Reached after the event by phone, Mayor Elicker commented, “I think we should be really proud of how much progress we’ve made as a city in the last three years. People have to understand that you can’t resolve all of the deep challenges that our city faces in an instant. They take time and effort; it’s like turning the Titanic. I get it — people want results yesterday. We’re seeing results. But these things take time. Just changing the mayor is not going to solve these problems. It takes hard work and persistence.”
Elicker has also emphasized on the campaign trail the new teachers’ contract offering 15 percent raises over three years, his administration’s underway plan to launch nonprofit-run community centers in formerly vacant park buildings, a planned new after-school and summer reading program, a new crisis response team sending social workers on some 911 calls involving people experiencing mental and emotional challenges, and efforts by the police department to work with the community to solve crime.
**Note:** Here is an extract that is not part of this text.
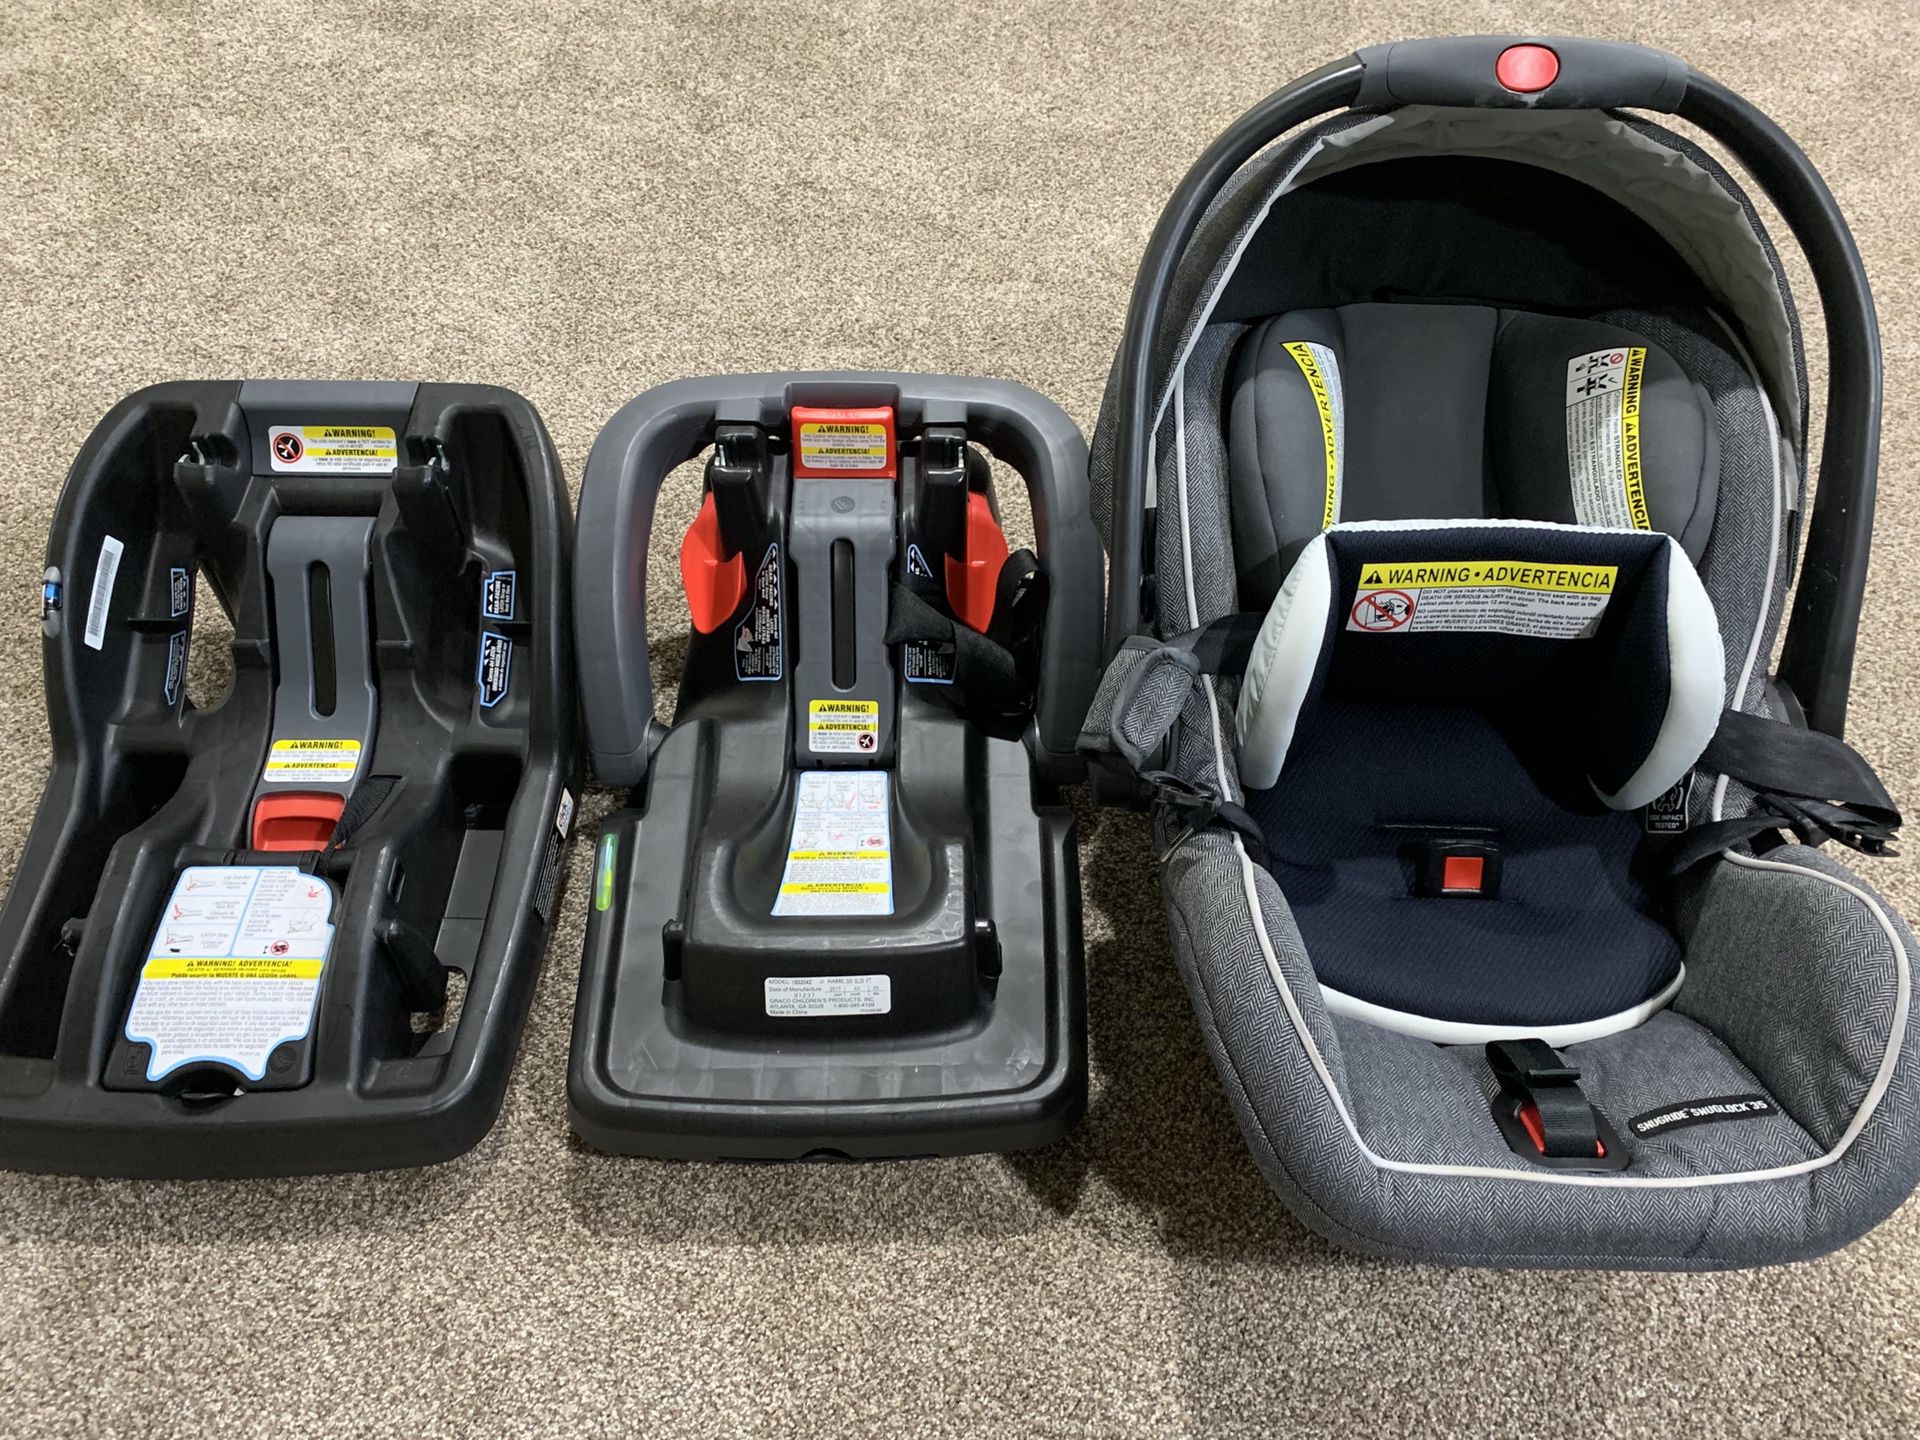 Graco car seat, two connectors, infant insert

A third Democrat, Tom Goldenberg, has begun a campaign as well for the Democratic mayor nomination. A fourth, Liam Brennan, has formed an exploratory committee. 2021 Republican mayoral candidate John Carlson is considering running again in the November general election; activist Wendy Hamilton has filed papers to pursue an unaffiliated-line mayoral campaign in the November election as well.
Abdussabur ended the event by signing paperwork to participate in the the city’s public-financing Democracy Fund system, in which candidates agree to limit the size of individual contributions and forgo special-interest money in return for public grants. Elicker is also participating in the Democracy Fund, as he has in his three previous mayoral campaigns. Goldenberg is not participating. Brennan said he plans to participate if, as expected, he launches a formal campaign next month.